TASK OBJECTIVE: Give, as a bare number, the count of lines below that contain "Siyah".

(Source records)
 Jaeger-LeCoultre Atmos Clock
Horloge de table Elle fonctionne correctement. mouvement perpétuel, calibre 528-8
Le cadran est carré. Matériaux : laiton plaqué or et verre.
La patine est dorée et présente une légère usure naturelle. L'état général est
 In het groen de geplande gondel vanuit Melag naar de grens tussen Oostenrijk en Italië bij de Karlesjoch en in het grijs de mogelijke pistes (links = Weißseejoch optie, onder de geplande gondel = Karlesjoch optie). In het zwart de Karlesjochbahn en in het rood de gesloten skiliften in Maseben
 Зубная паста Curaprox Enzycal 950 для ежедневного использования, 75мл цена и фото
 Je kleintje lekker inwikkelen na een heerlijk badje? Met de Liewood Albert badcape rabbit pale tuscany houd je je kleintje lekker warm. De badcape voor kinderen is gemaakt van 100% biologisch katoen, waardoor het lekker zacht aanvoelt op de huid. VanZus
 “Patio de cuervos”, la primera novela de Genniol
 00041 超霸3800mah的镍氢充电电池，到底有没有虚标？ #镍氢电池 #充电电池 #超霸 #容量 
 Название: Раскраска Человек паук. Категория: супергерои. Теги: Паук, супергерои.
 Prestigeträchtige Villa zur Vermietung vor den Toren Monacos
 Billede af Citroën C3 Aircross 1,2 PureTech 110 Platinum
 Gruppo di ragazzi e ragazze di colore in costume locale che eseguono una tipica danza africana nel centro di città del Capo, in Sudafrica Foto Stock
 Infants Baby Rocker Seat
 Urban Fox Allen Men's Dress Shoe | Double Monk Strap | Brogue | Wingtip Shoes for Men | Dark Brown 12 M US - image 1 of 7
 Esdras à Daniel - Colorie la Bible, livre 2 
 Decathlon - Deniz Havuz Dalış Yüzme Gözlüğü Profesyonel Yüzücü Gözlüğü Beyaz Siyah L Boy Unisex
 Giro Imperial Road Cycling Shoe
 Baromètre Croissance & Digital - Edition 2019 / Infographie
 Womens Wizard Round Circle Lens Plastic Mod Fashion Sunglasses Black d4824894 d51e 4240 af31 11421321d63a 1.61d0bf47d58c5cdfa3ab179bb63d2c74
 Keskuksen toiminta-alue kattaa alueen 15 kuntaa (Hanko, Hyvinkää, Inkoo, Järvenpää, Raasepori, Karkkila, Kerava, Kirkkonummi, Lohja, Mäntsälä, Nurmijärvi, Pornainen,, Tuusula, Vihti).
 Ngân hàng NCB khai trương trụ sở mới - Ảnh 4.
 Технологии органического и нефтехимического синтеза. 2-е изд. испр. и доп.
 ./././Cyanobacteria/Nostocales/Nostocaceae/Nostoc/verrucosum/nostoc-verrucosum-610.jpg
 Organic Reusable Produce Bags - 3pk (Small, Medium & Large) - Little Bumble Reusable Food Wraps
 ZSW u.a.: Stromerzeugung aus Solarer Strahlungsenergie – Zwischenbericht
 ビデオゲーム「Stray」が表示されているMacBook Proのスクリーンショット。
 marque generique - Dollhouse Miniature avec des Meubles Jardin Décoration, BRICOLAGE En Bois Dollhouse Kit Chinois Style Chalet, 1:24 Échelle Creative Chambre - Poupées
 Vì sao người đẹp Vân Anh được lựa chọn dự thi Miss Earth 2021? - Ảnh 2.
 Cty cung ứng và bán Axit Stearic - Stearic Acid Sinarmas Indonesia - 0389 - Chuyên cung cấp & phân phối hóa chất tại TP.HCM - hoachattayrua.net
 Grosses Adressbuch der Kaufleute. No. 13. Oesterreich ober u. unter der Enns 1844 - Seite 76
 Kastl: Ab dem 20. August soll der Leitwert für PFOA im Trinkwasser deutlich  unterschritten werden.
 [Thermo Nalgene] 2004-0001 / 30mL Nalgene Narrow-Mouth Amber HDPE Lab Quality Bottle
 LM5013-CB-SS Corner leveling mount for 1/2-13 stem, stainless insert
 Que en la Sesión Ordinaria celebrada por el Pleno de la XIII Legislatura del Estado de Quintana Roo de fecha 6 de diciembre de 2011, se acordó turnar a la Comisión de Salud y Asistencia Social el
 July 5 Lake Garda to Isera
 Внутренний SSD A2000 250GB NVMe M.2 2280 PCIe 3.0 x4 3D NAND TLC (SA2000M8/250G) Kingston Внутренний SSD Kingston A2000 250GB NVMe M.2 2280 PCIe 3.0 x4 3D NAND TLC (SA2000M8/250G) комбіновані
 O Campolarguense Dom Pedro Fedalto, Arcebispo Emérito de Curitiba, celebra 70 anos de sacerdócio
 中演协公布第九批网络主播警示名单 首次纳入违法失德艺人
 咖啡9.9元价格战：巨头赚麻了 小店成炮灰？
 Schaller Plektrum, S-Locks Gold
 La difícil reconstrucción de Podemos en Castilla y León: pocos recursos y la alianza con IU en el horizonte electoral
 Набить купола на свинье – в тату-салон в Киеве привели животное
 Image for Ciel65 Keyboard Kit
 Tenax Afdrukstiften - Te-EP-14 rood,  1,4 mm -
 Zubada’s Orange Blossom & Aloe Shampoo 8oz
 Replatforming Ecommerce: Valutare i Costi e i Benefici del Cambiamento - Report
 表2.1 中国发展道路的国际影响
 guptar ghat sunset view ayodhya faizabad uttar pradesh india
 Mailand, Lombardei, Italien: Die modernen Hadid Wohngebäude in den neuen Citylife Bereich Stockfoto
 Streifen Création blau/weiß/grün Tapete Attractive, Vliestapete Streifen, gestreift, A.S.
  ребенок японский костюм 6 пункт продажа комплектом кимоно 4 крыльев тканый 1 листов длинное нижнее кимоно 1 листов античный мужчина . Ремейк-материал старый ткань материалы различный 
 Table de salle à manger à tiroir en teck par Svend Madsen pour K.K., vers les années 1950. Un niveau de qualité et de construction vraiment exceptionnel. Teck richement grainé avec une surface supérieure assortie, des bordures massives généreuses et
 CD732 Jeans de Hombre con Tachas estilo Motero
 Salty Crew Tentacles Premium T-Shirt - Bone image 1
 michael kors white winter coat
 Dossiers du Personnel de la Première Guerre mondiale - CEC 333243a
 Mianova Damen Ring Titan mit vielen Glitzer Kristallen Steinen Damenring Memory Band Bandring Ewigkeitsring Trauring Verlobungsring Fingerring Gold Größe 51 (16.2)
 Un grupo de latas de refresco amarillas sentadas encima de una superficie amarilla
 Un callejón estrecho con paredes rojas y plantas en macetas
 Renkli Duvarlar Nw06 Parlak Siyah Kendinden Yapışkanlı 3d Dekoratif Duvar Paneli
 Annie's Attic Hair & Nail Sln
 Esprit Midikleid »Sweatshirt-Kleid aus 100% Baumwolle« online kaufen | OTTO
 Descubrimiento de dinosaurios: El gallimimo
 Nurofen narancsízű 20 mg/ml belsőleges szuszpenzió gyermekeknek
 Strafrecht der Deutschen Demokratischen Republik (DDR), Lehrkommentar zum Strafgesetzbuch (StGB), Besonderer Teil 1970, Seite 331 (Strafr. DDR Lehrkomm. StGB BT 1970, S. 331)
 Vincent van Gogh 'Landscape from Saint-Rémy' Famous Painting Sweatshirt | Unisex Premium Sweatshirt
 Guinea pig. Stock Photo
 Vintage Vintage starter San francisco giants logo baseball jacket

SOLUTION TO THIS TASK: 2